I did not know the public had a vote to select their choice of artists to be inducted into the R&R Hall of Fame. If you have never been there, I would suggest it. Allow plenty of time, if you go. There is a lot to see.


----------



## Falcon (Oct 10, 2014)

Please believe me. I couldn't care less !


----------



## SeaBreeze (Oct 10, 2014)

Cool Oldman, I grew up on rock and roll, and I still enjoy it now, both new and old.  I like several of the artists/groups they have listed.


----------



## AprilT (Oct 10, 2014)

Love some rock & roll.  Was in love with Jagger from age five when I first saw him dancing around like a man on fire. Really it was those lips.  

https://www.youtube.com/watch?v=asdV8TFHXXg


Then there Mick with Bowie.  

https://www.youtube.com/watch?v=9G4jnaznUoQ


----------



## oldman (Oct 10, 2014)

The first time I saw Mick perfrom on Sullivan or whatever show it was, he looked like a rooster parading around on stage.

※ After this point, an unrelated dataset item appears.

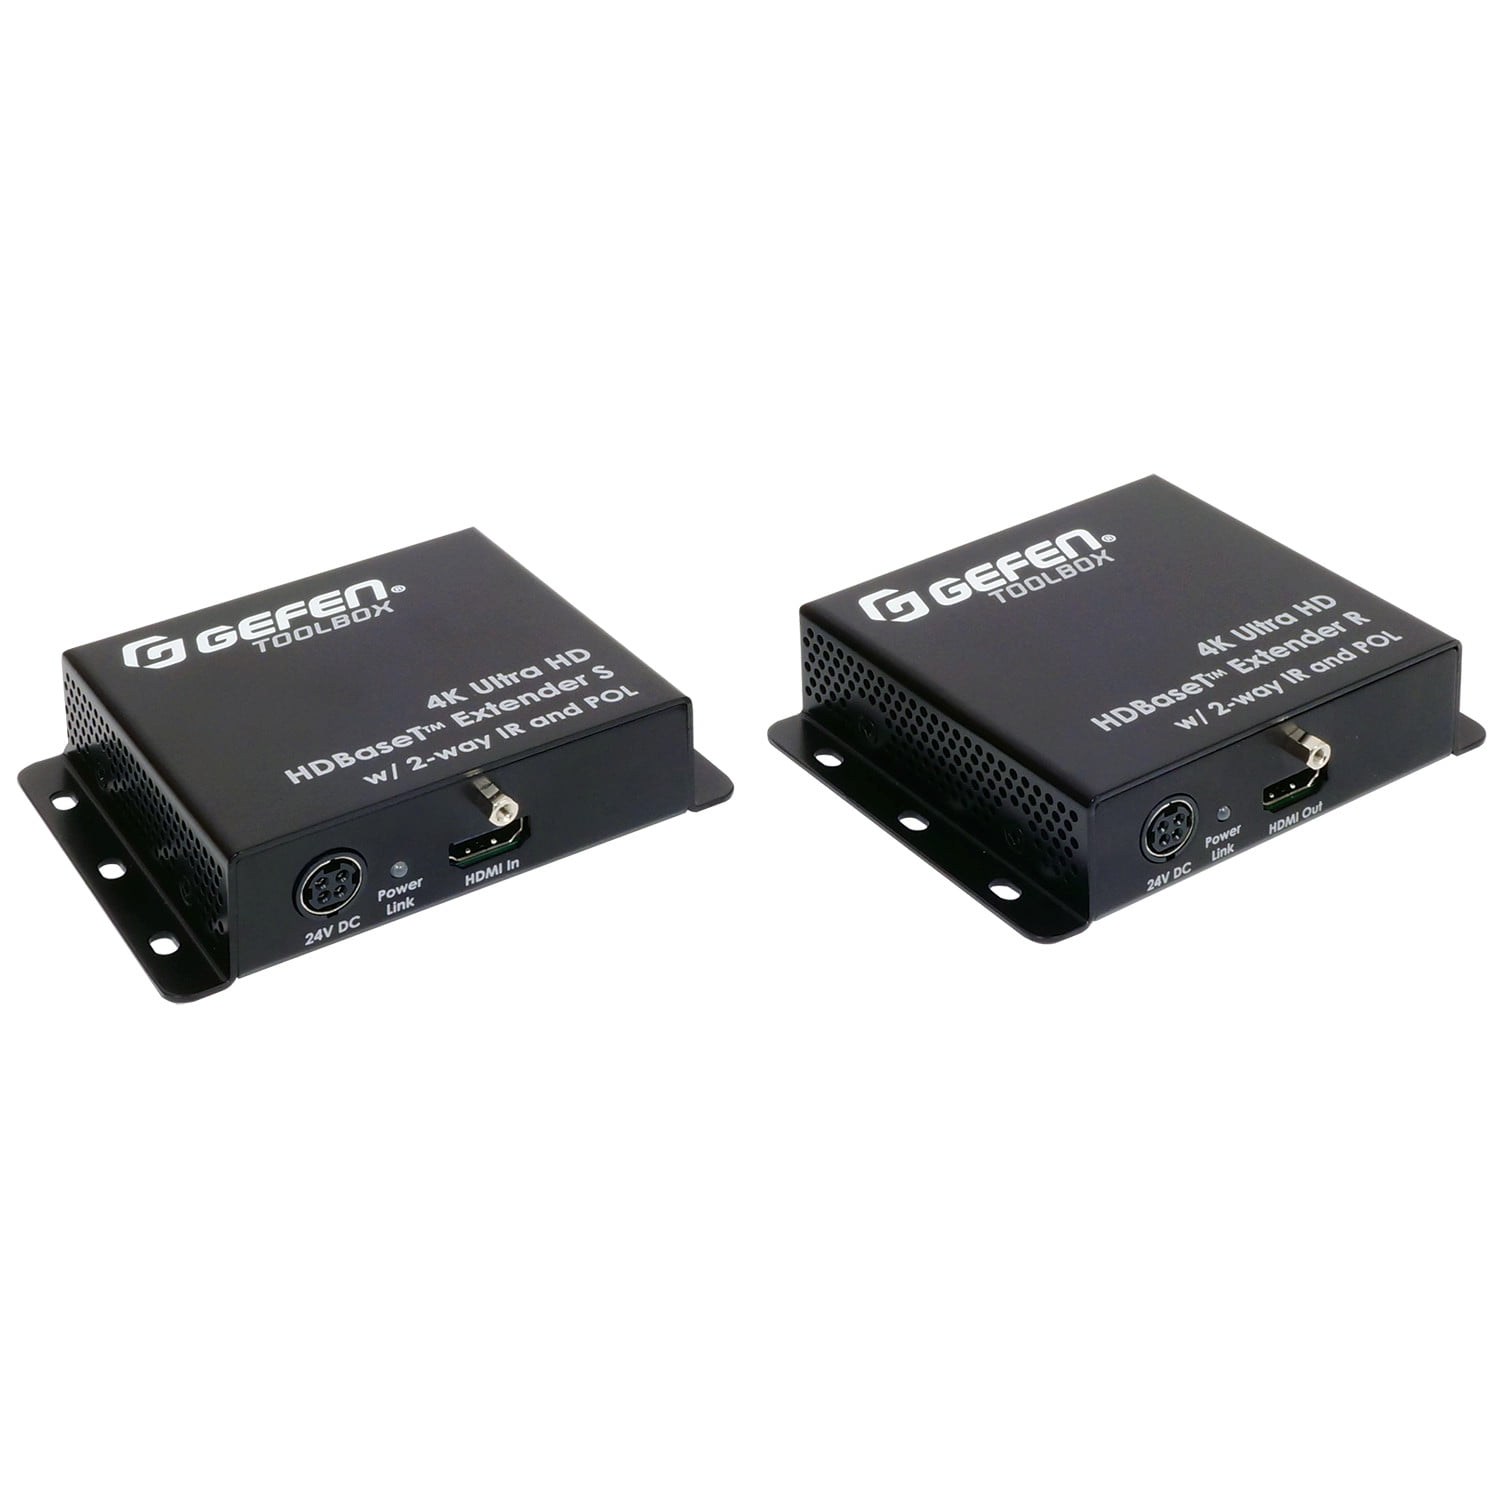 GTB-UHD-HBTL Video Extender Transmitter/Receiver - - Walmart.com

Thant was a great video with Mick and Davey, but I think Davey needs a little more Mojo.


----------



## AprilT (Oct 10, 2014)

oldman said:


> The first time I saw Mick perfrom on Sullivan or whatever show it was, he looked like a rooster parading around on stage. Thant was a great video with Mick and Davey, but I think Davey needs a little more Mojo.



Bowie had the cool factor going for him.  Unfortunately I couldn't find a decent copy of his original "Lets Dance" video.


----------